The conversation of a peer who understands you, that is the only honor that warms.
—Allow a concerned friend: you are seen walking in all weather to the college, heedless of your health. Are you not imprudent, George?
You sound like Mary, who scolds me in the same way! I have gotten into the habit, in Cork, of walking from Ballintemple to the college, in rain as in fine weather; a professor cannot miss his lecture for a shower. I confess the Irish climate does not spare a man of my age, and I have sometimes arrived drenched before my students. But my umbrella and frock coat seem a sufficient armor. The duty of teaching comes before care of self: these young people await their lesson, and I have never been able to fail them. You are wrong to worry, my friend; a little water does not undo a mathematician.
A professor cannot miss his lecture for a shower.
—In your letters, you depict your family evenings with a rare tenderness. What does this home bring you, far from our abstractions?
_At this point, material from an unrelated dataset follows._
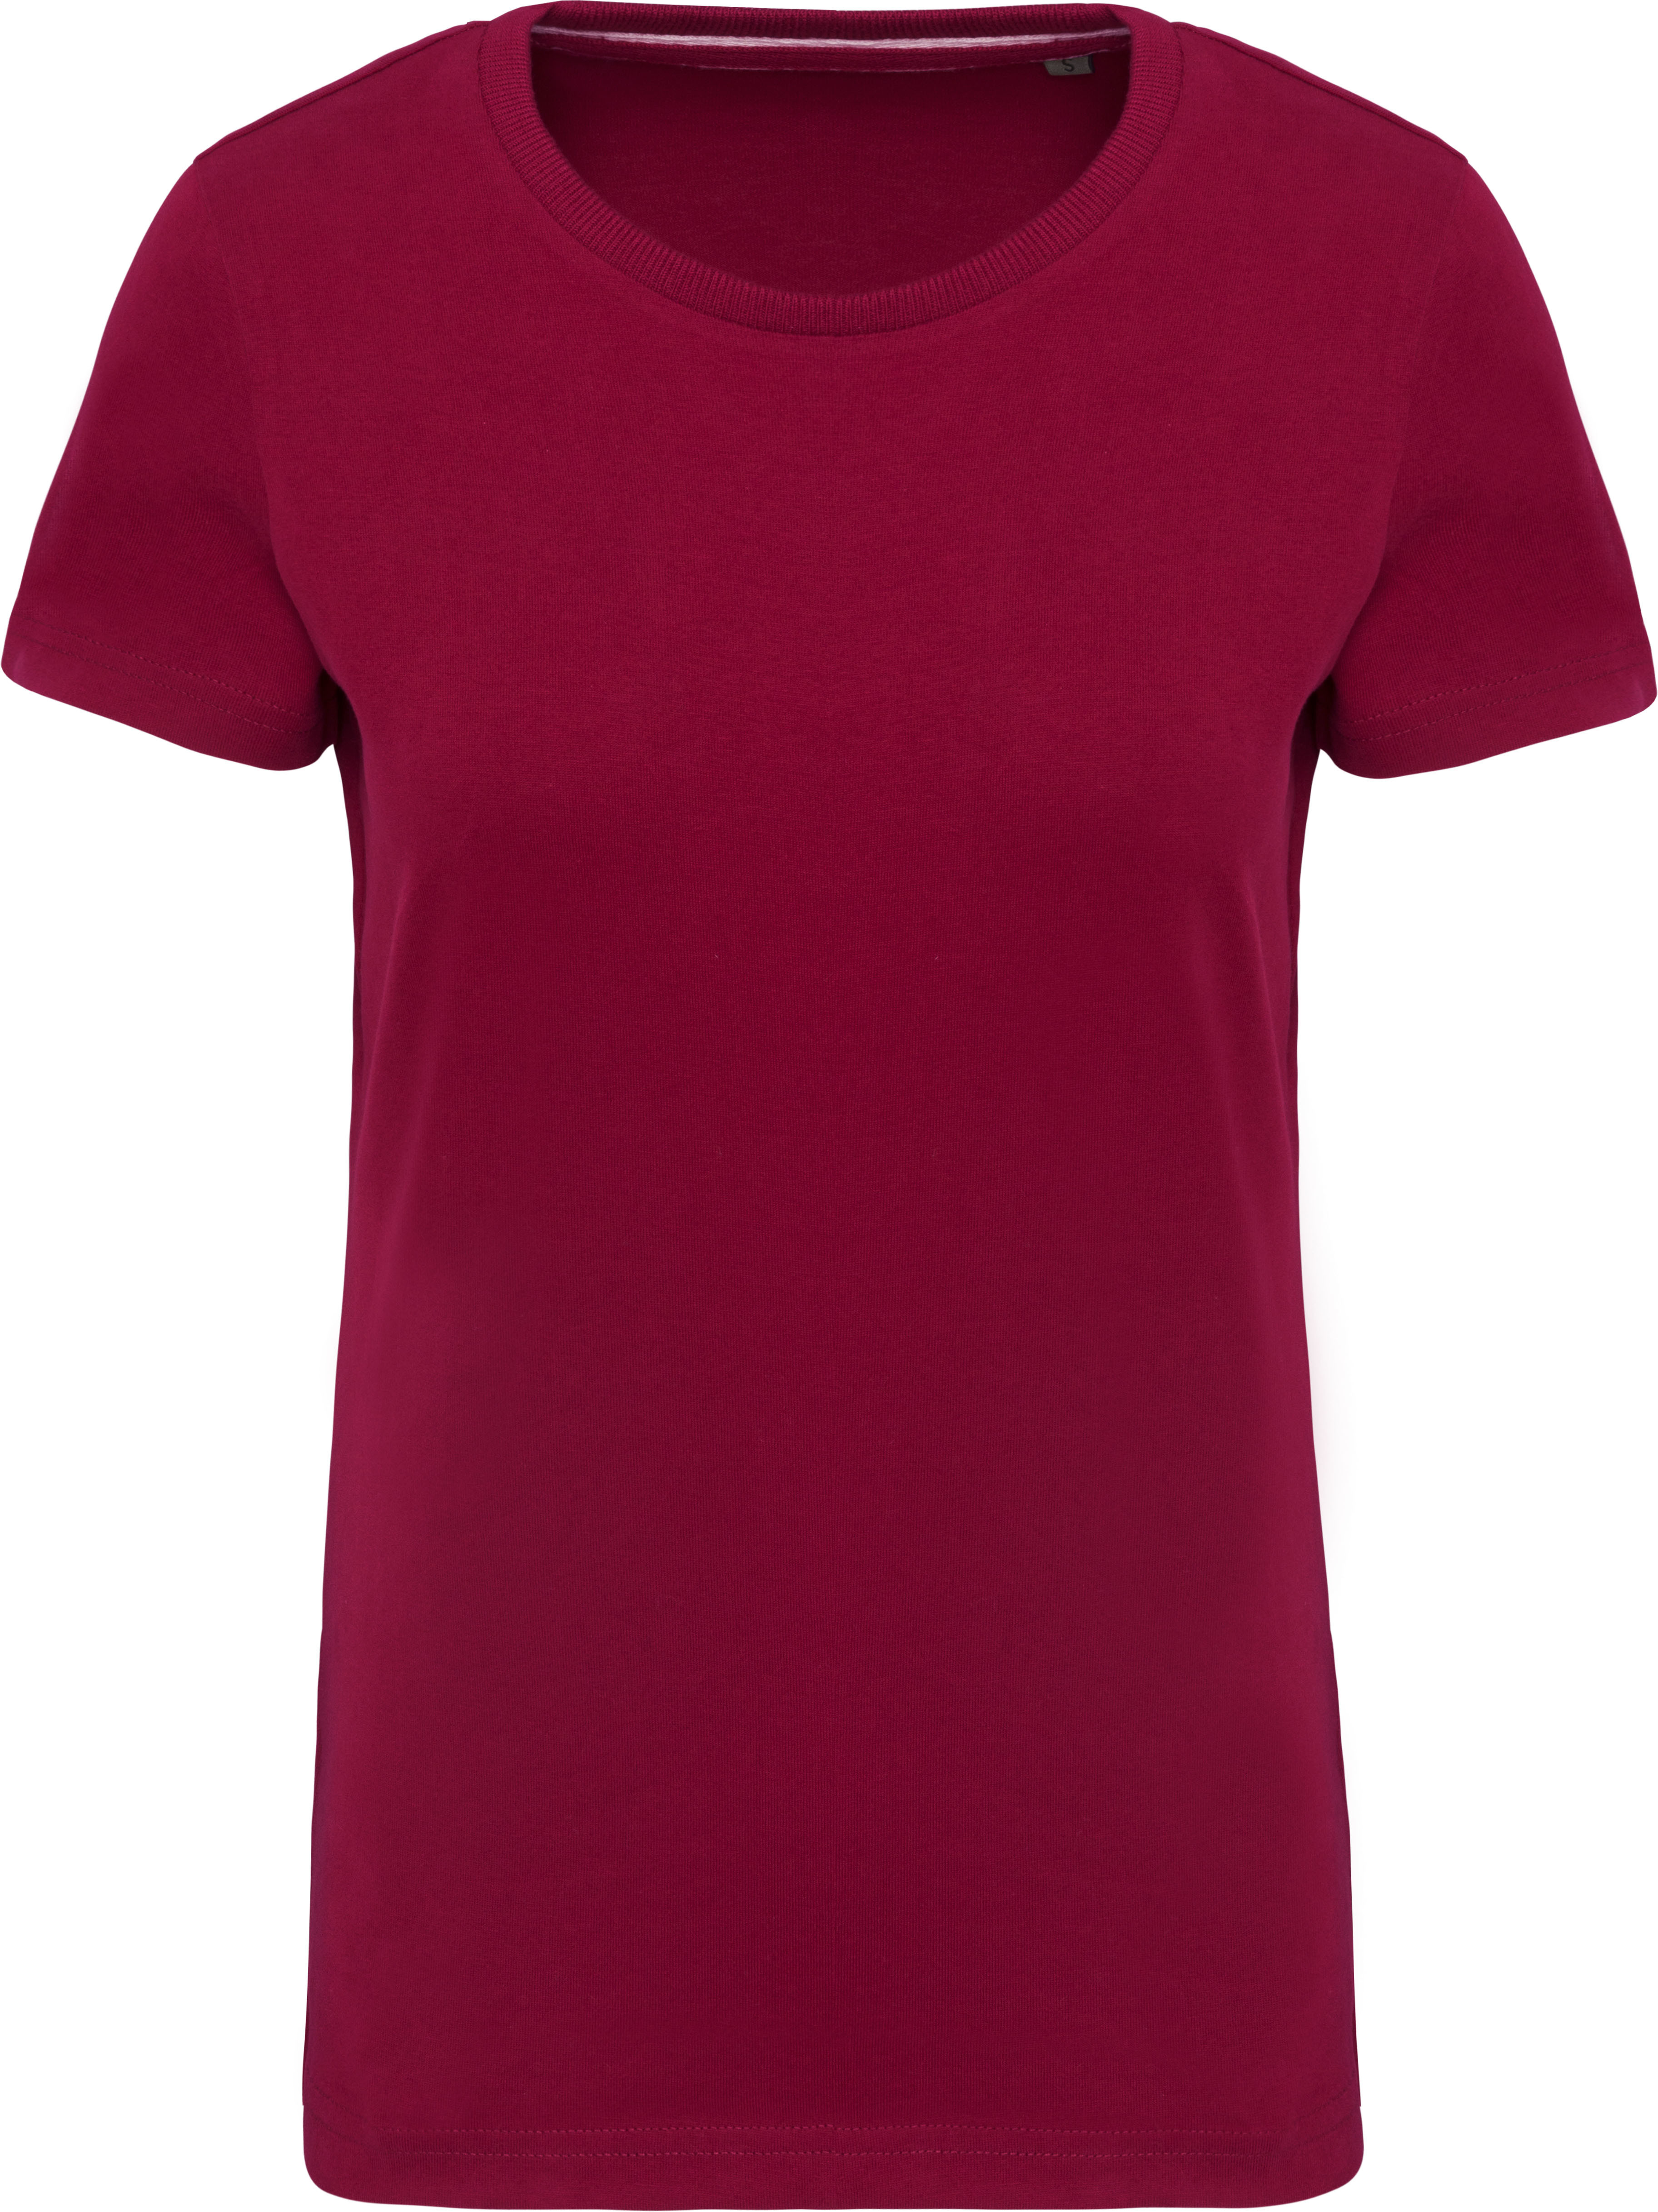 Tee-shirt vintage manches courtes femme - 2-1527-11

All the balance I would lack without it, De Morgan. The day belongs to symbols and students; but in the evening, around Mary and our daughters, I become again a simple father reading aloud. I enjoy literature, philosophy, sometimes the Ancients I loved as a child. My wife has a singular mind, bold in matters of education and science, and our conversations are worth many learned societies. Believe me, the purest algebra does not console a man; a living home does. When I work late on a manuscript, by lamplight, it is knowing those beings asleep under the same roof. The logician needs a home like the sailor needs a port, to put out to sea again in the morning.
The logician needs a home like the sailor needs a port.
This imaginary interview was generated by artificial intelligence from sources documented in George Boole's profile. It dramatises what the figure might have said based on what we know about them, but does not constitute attested historical testimony. For primary sources and factual documentation, refer to the full profile.